I'm sorry if what I've said has hit a raw nerve. But you also represent a soloist, and may not be free of predudice.

In the end music is also the loser.

October 11, 2010 at 05:12 PM · As Smiley said "It looks to me like the union has succeeded in making a bad situation worse. " Unfortunately, this is the history of labor relations in this country for the last 40 years...and why we have no steel industry, much reduced auto industry, no passenger trains, etc. No question plenty of fault lies on managements' sides as well. After doing much real good for workers, the confrontational dynamic has not been good for the whole. Too bad, but it's just another nail in the Detroit coffin. Many people today don't realize that, due to the birth of the auto industry back in the 1920's, Detroit and the other Great Lakes cities were like Silicon Valley was in the 1990's- that's when all the wealth led to the incredible symphonies, museums, and architecture, etc. Sadly, now there just another thing to dissipate...

October 11, 2010 at 06:04 PM ·

This is what gets me really emotional: "The Moral Stand". What good is a moral stand that disables you (or anyone) to answer my question: Do you think the Detroit Symphony behaved correctly towards the soloist?

No, we get political, philosophical, economical, even legal instead and forget totally: To be decent is elementary, no deep insight needed.

And no, I do not represent any soloist here. I just had the - sometimes questionable - pleasure to attend hours and hours of top and lesser orchestra rehearsals (no soloist involved even). Do you really believe, all these rehearsals where examples for good preparation (homework done), for an honest job (not talking about art here)? Would you travel in a plane technically as "well" prepared as some of the orchestra players?

The typical goal of  a strike is: get more money for less work. Or loose less money for hopefully less work in a recession period. But "work" translates into "art" in the orchestral world, doesn't it (at least with better orchestras).

The damage to the image of classical orchestras fighting for less(er) art to produce is considerable (hopefully). Especially considering classical music art is global by nature, so local ("domestic") selfishness is another blow to this art. If it gets killed, this art, the performers are to blame. Who else is in charge of raising, finding, convincing audience?

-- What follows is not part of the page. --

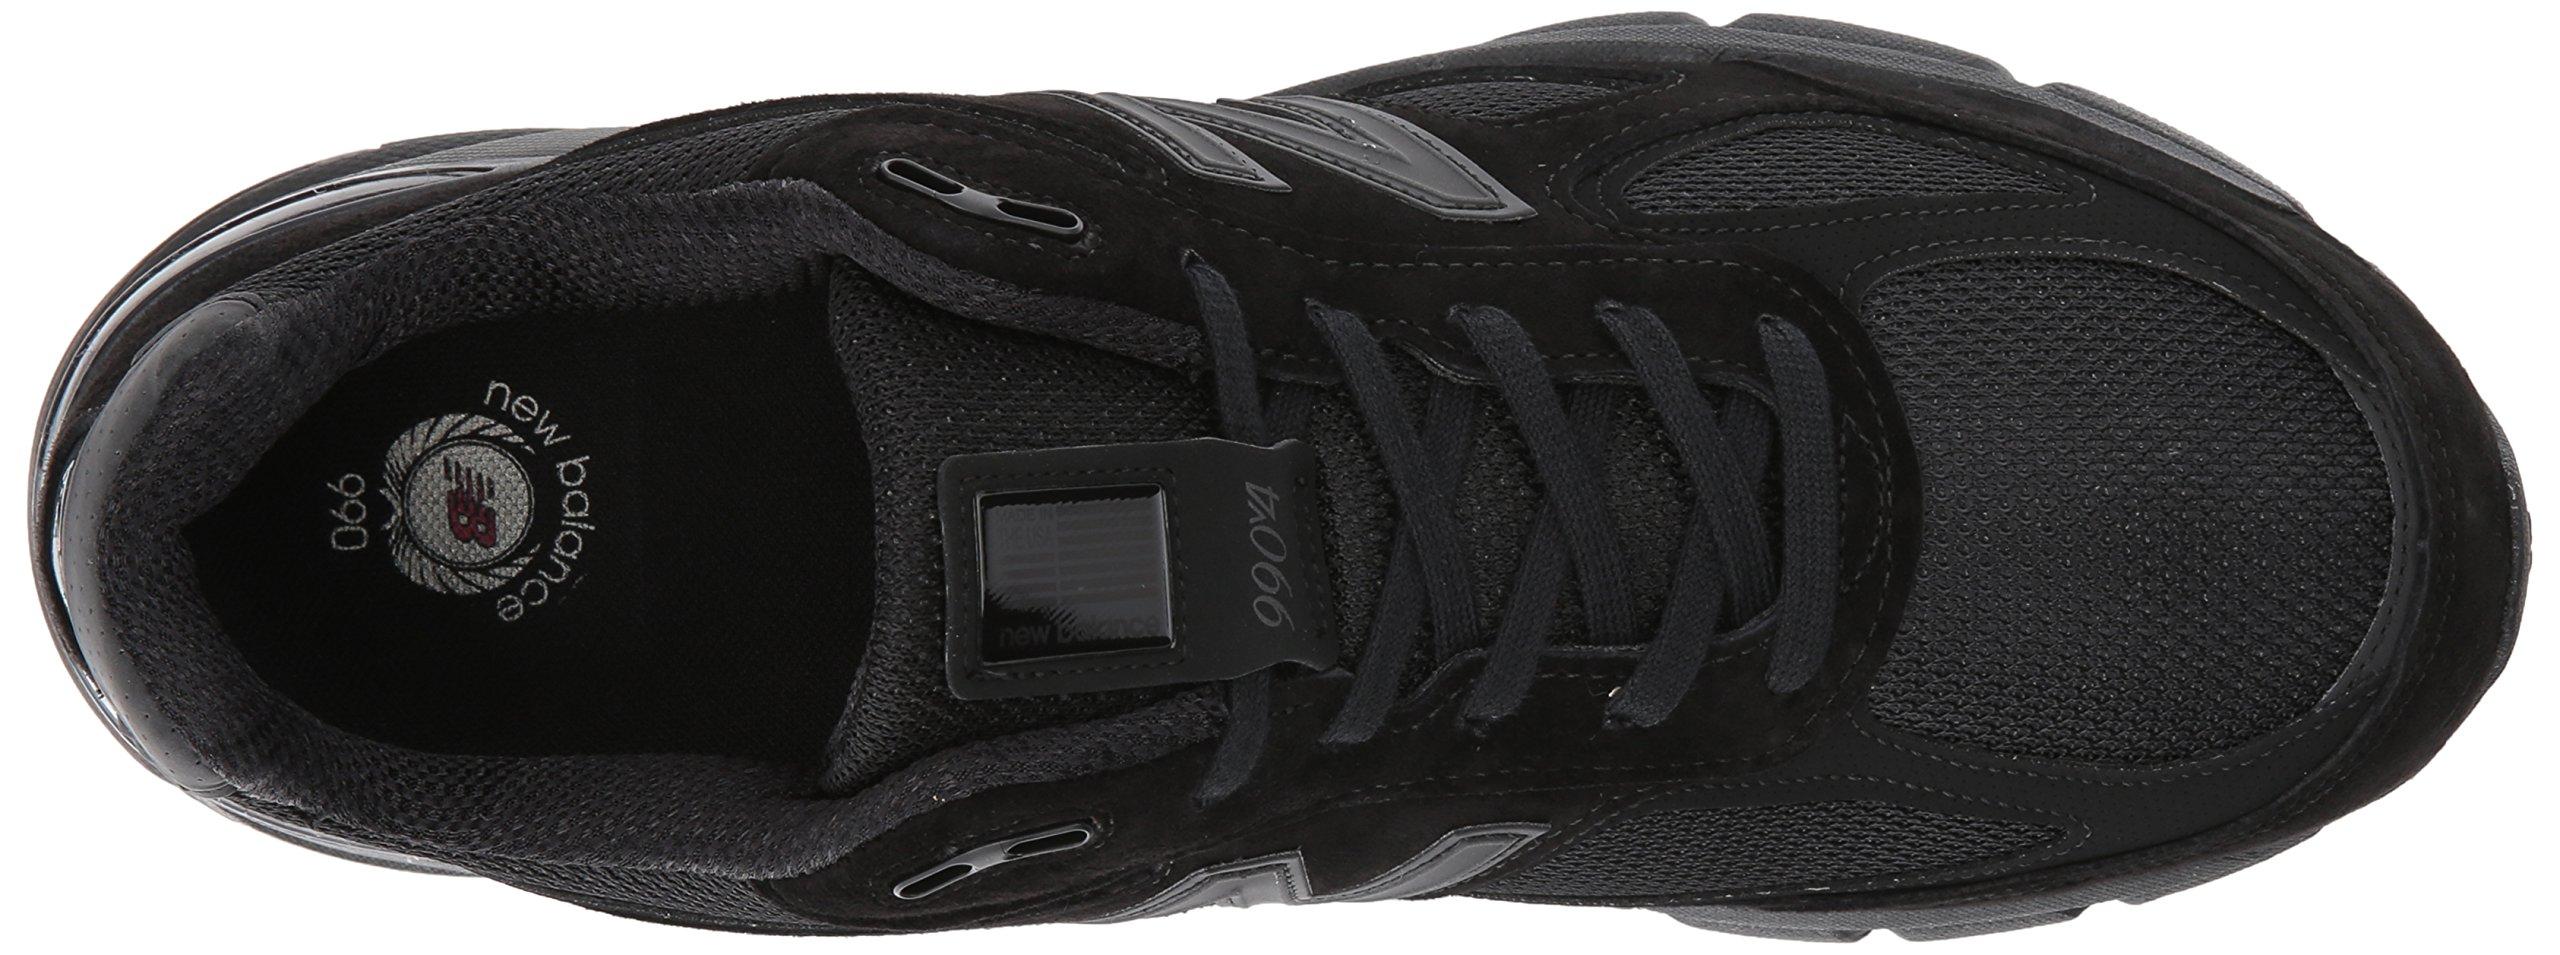 New Balance Men's 990V4 Running Shoe, Black/Black, 11 2E US by New Balance (Image #8)

October 11, 2010 at 09:31 PM ·

Discussions like this will definitely separate union members from non-union workers.

My own opinion about this is that while strikes (or lockouts), picket lines, closed shops, and the like  may be necessary to achieve a particular result--- which may be the best thing--- there's nothing intrinsically virtuous about them.  They're exercises in power, which  can be the right tool to use, or can be misused.  Just like drawing a gun.  And even if strikers are within their rights and well-motivated, they can still produce the wrong results.

I have no idea what's going on with the DSO, apart from what I've read on the web the last few days.  It sounds as though there's been some really lousy communication on the issue, and it will be necessary to wade through that before any specific plan gets approval.   For the players, they're going to have to wrap their minds around the meltdown in Detroit.  Someone has to pay for all this, and if they really want NY Phil salaries, they have to be prepared to accept enough to buy a three-bedroom apartment in the nicest part of town-- after 100 years of payments.  For management, they have to remember that one of the worst things you can do for workers' morale is to yank around their job description without giving them any real ownership of the results. So what product the DSO is pushing, and what business should they be in?  Sounds as though the people with the best ideas on this haven't articulated them at all well. 


October 11, 2010 at 09:52 PM ·

Last time I saw Sarah it was more of a dance recital anyways...loose the fiddle and hop on stage, ta da!

October 11, 2010 at 11:00 PM ·

"This is what gets me really emotional: "The Moral Stand". What good is a moral stand that disables you (or anyone) to answer my question: Do you think the Detroit Symphony behaved correctly towards the soloist?"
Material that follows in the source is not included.